:: Activity ::
Copy out the lines of the records below, and only those lines, from the one with "Blake Lively in The Shallows horror buoy" through the one with "Groupe beaucage article", exactly as they appear.

:: Items from a data source ::

•••••

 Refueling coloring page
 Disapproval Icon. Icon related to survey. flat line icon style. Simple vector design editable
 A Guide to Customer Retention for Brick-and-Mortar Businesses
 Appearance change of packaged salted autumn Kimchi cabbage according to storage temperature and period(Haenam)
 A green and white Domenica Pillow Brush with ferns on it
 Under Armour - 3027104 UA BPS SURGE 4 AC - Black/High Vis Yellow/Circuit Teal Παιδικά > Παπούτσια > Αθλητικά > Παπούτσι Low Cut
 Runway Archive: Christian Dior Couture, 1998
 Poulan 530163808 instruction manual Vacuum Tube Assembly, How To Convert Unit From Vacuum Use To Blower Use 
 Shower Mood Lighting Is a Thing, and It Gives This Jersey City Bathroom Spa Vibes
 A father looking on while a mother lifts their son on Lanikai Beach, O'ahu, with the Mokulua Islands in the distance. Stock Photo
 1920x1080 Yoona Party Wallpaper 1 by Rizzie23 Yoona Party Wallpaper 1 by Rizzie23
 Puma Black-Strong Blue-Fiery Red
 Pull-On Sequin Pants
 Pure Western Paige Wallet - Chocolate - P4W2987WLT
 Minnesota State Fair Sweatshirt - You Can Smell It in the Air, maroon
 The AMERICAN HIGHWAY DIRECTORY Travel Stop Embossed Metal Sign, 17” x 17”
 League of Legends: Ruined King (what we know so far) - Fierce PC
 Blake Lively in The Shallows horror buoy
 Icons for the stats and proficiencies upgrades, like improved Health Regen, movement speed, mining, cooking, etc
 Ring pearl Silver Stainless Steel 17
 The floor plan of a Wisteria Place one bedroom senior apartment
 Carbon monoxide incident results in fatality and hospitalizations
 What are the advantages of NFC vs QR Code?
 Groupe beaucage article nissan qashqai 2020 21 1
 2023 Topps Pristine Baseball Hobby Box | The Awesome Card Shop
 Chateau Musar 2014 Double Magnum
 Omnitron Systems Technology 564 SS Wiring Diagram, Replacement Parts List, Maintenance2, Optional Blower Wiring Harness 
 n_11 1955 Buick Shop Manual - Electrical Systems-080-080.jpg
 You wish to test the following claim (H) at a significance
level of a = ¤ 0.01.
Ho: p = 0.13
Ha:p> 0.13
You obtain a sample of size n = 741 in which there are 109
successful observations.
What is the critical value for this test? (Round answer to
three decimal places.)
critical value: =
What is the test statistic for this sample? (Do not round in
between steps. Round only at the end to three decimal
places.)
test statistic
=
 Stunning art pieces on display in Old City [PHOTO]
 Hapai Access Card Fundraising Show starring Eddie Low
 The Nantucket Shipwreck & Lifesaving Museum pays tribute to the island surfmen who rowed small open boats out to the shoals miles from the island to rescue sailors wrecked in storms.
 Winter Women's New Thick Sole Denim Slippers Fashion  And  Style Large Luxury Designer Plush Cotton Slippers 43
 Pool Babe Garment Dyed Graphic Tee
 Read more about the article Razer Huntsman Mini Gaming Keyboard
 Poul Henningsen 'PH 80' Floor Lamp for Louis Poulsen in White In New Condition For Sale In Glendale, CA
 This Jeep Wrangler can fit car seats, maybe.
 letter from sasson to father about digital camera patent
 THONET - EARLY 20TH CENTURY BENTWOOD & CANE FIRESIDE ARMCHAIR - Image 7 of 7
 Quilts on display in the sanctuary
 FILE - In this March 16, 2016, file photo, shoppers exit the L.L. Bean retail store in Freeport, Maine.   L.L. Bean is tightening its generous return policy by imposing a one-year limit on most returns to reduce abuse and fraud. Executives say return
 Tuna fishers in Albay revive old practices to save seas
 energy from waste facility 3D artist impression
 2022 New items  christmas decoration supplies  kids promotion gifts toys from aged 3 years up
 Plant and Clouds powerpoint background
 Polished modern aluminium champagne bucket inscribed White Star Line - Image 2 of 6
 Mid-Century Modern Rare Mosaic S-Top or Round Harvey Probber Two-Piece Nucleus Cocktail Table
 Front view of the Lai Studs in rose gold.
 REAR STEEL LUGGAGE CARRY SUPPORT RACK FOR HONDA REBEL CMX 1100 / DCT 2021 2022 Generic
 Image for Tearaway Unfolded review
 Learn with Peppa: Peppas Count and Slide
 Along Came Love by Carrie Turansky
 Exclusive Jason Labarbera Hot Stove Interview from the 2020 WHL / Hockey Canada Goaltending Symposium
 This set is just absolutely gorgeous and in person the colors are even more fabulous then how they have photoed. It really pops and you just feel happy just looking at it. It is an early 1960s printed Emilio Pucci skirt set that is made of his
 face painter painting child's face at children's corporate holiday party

•••••

:: Result of the task ::
 Blake Lively in The Shallows horror buoy
 Icons for the stats and proficiencies upgrades, like improved Health Regen, movement speed, mining, cooking, etc
 Ring pearl Silver Stainless Steel 17
 The floor plan of a Wisteria Place one bedroom senior apartment
 Carbon monoxide incident results in fatality and hospitalizations
 What are the advantages of NFC vs QR Code?
 Groupe beaucage article nissan qashqai 2020 21 1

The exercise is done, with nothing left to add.